BEGIN RAW DATA
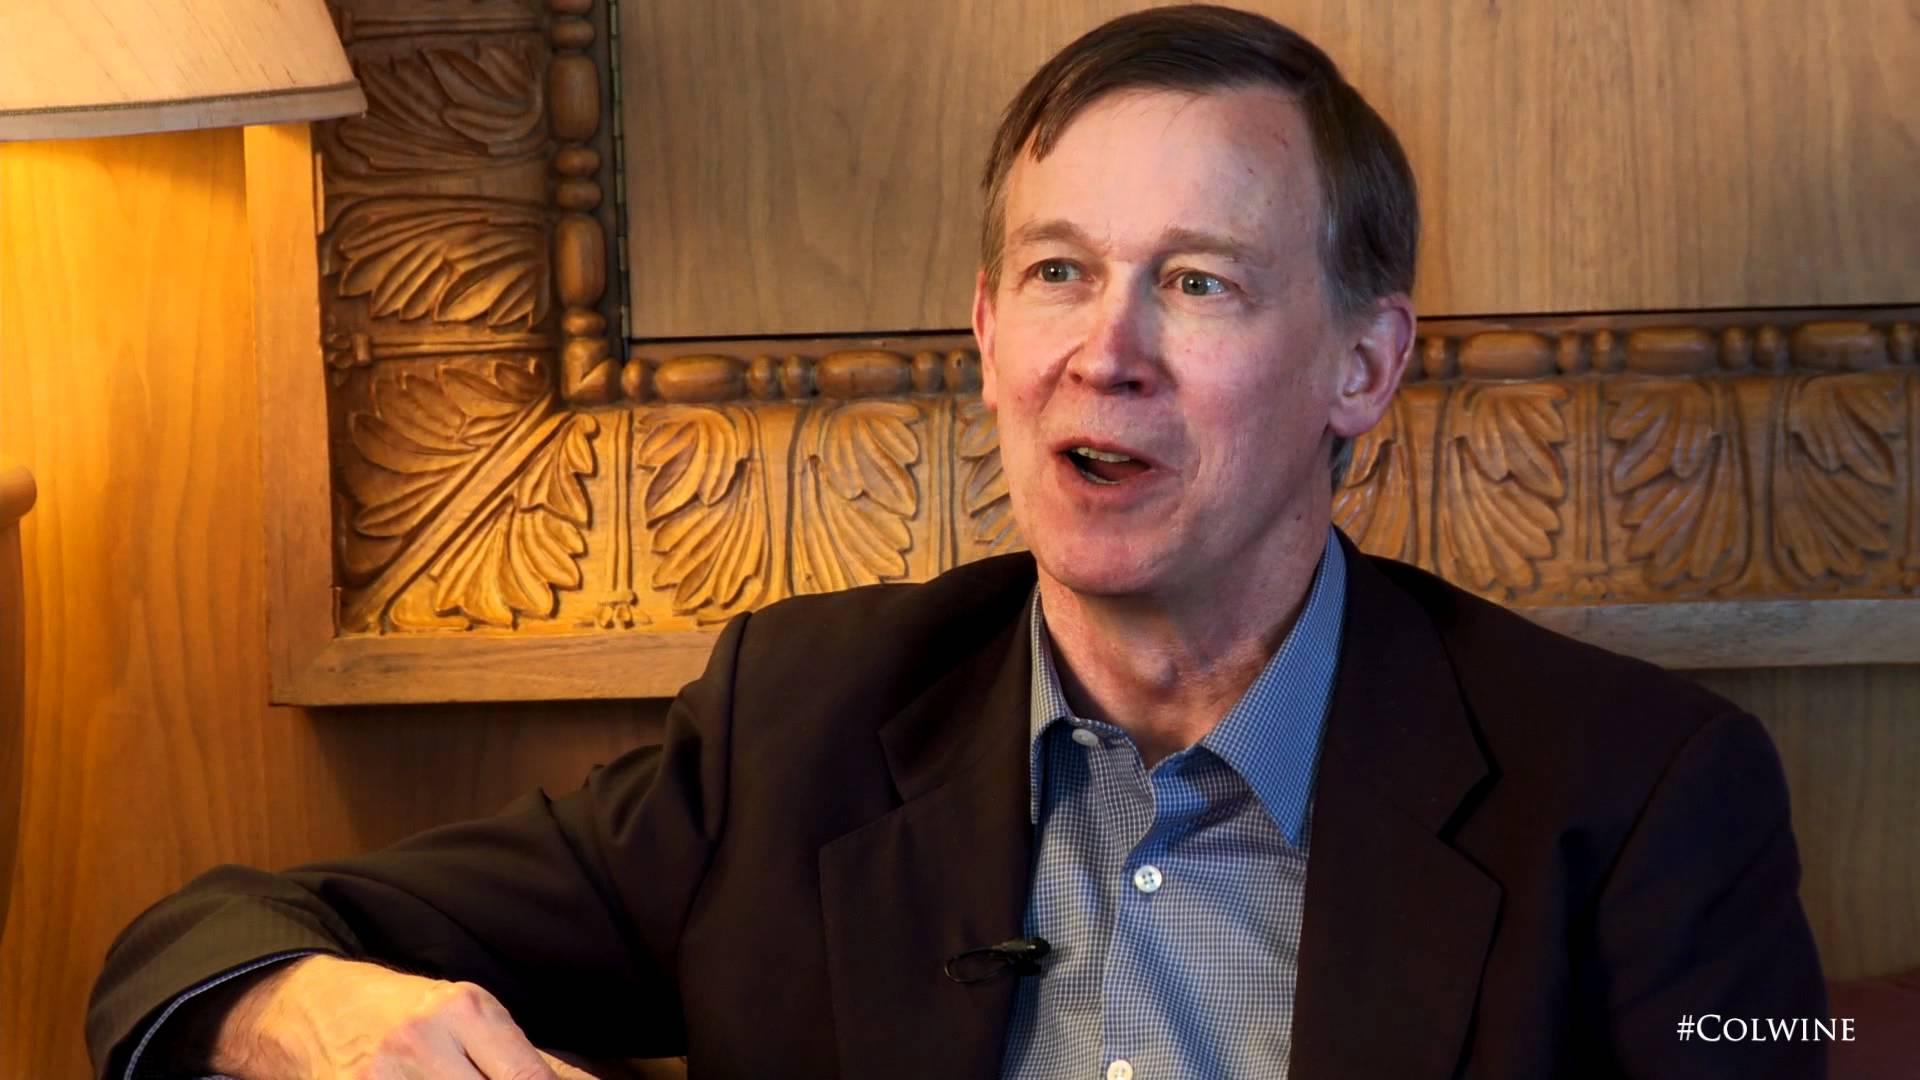 Colorado Wine Heroes: Governor John Hickenlooper
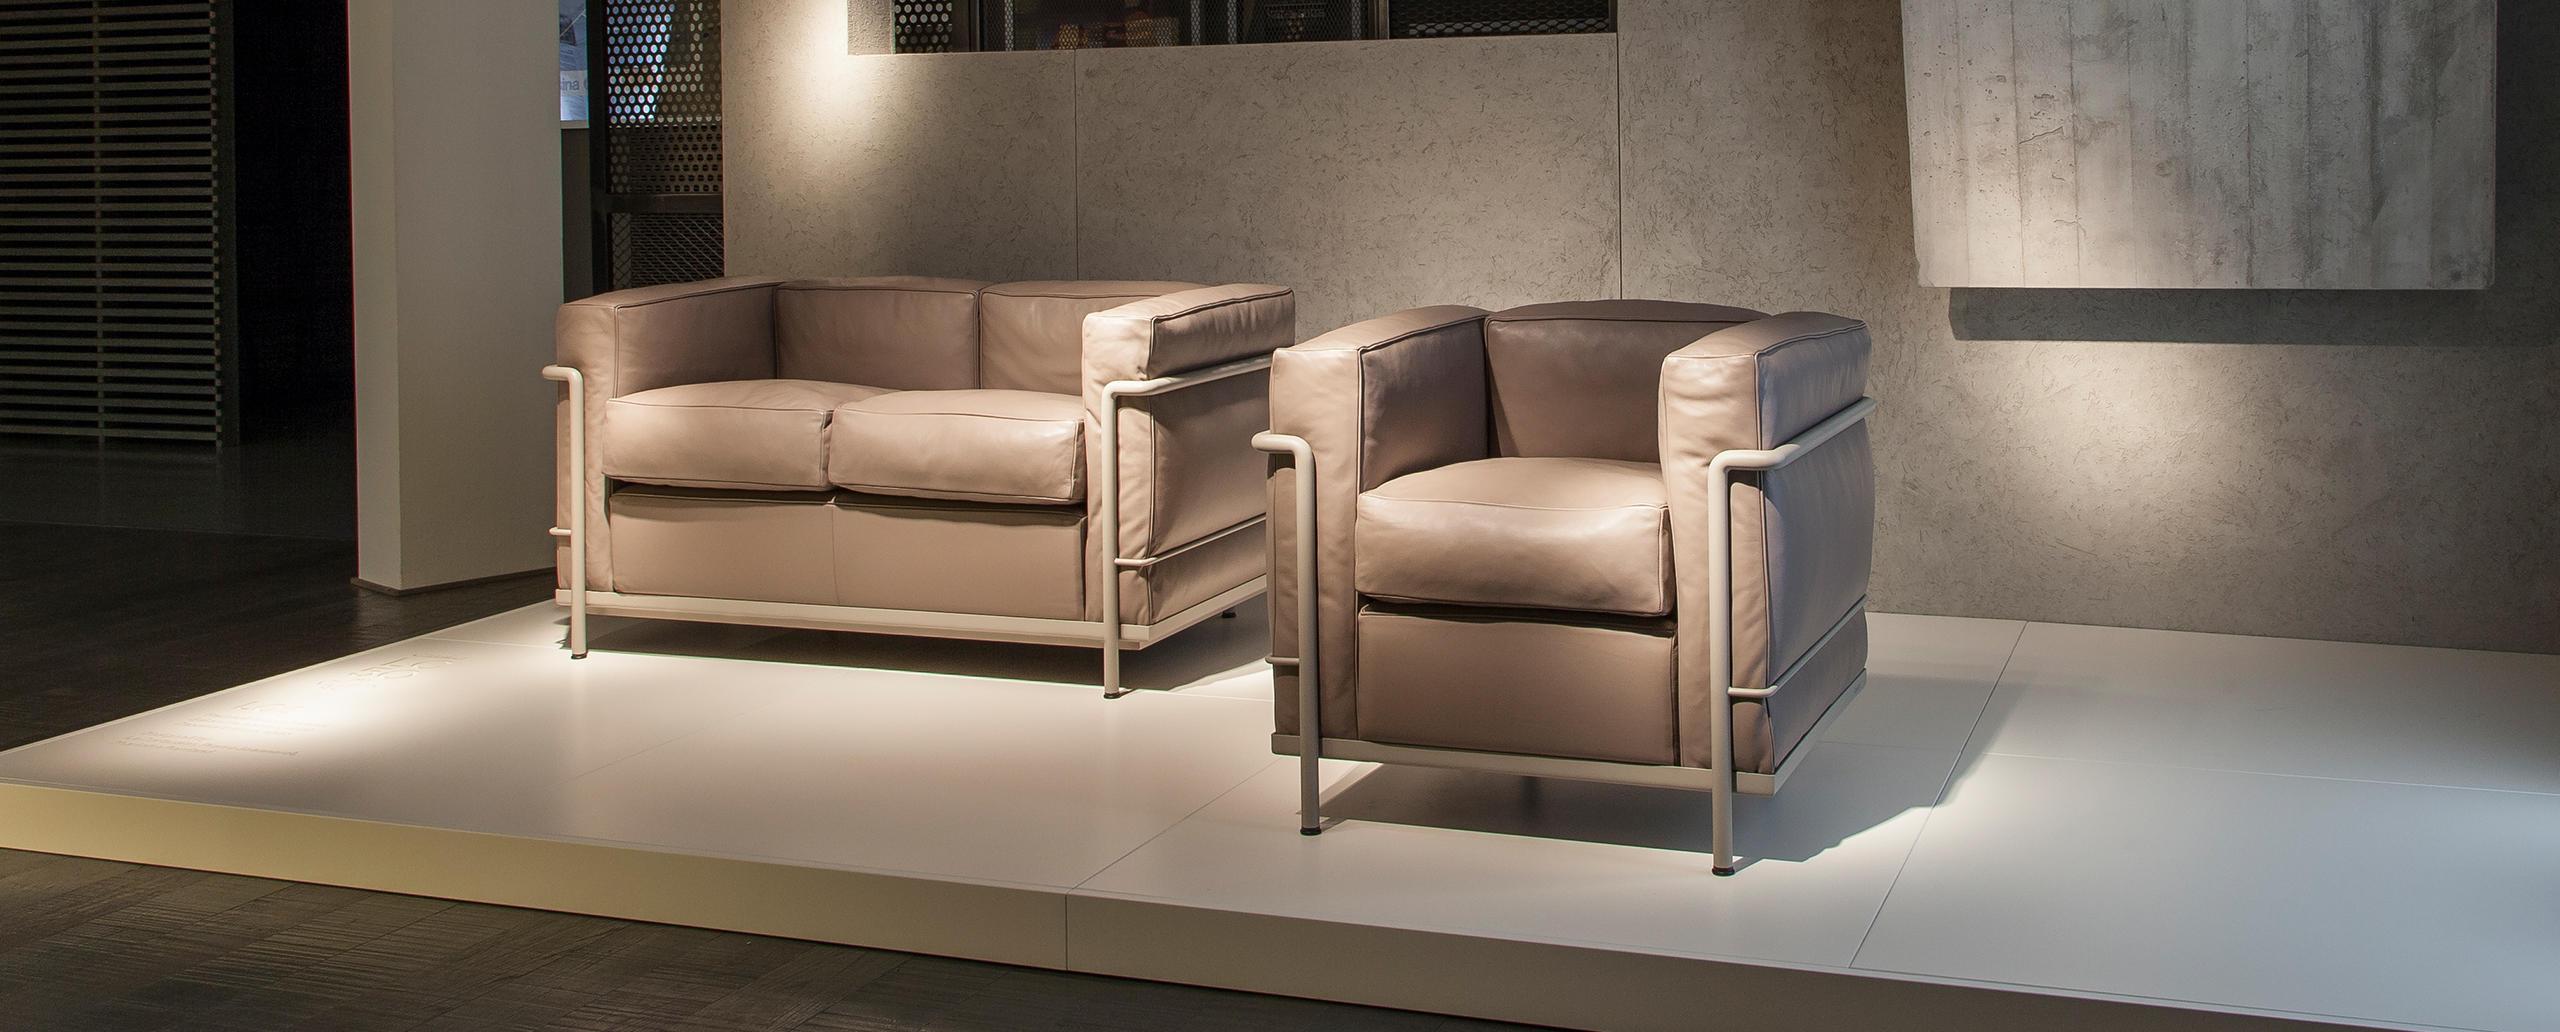 Canapé Le Corbusier Fauteuil Et Canapé Lc2 Le Corbusier Jeanneret Perriand
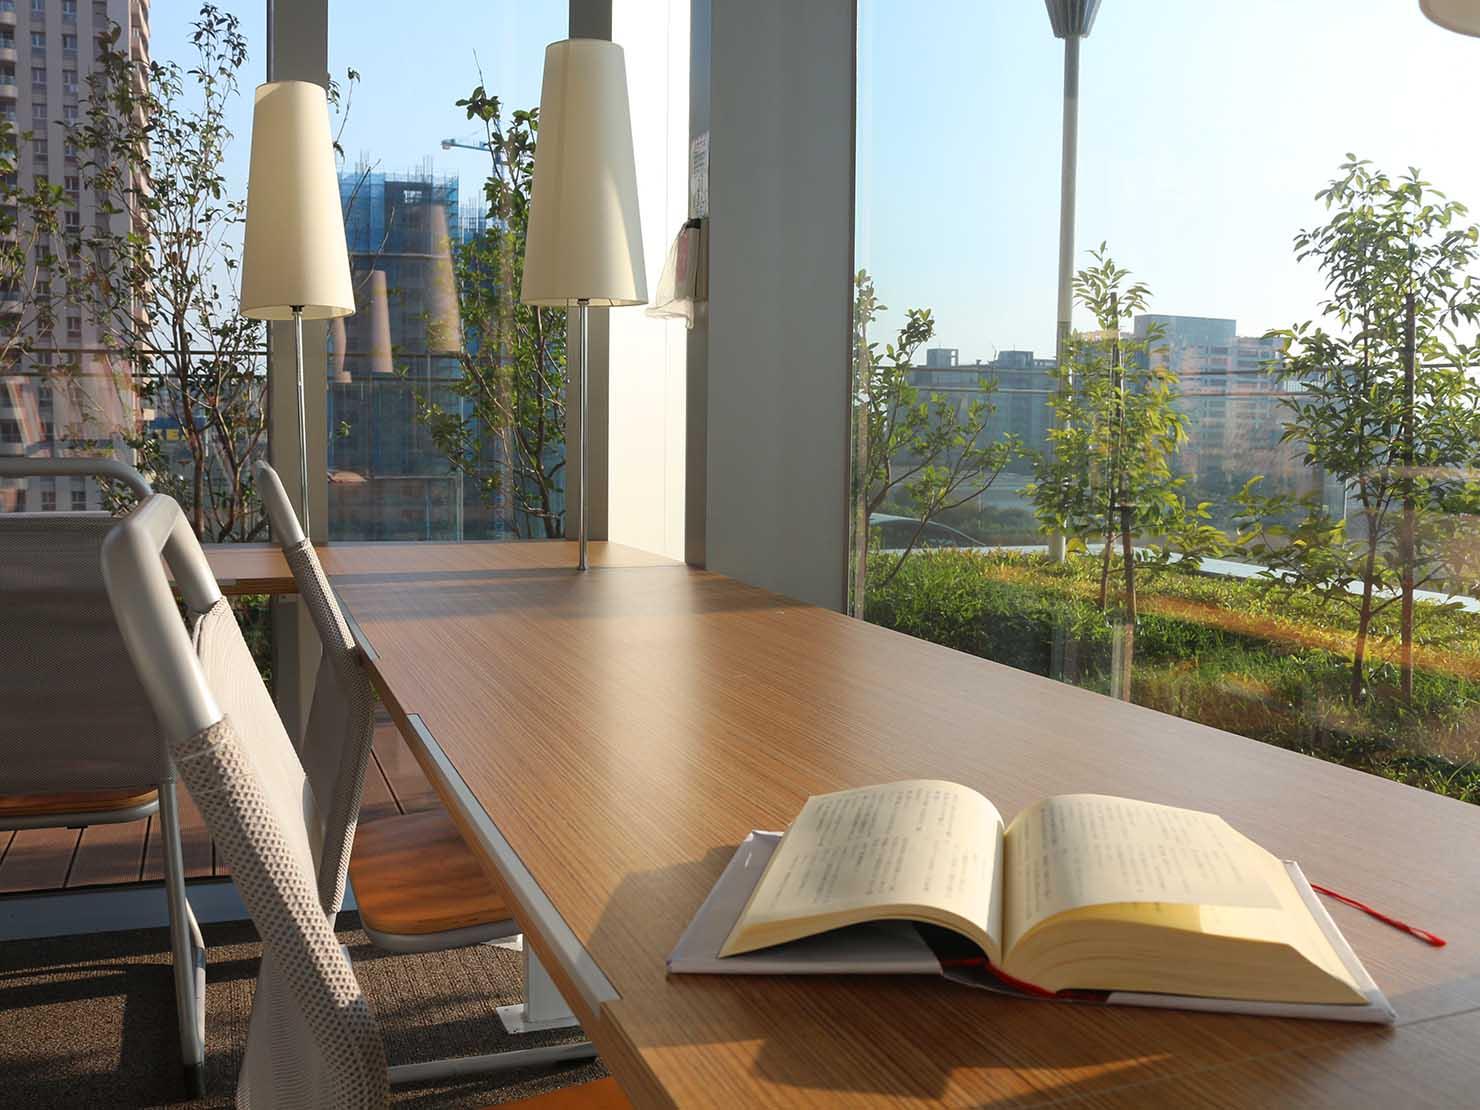 高雄のおすすめ観光スポット「三多商圈」高雄市立圖書館の館内
END RAW DATA
→ **WHAT TO WORK ON**: Print the data again, word for word, without any pictures.

→ **OUTPUT OF THE TASK**:
 Colorado Wine Heroes: Governor John Hickenlooper
 Canapé Le Corbusier Fauteuil Et Canapé Lc2 Le Corbusier Jeanneret Perriand
 高雄のおすすめ観光スポット「三多商圈」高雄市立圖書館の館内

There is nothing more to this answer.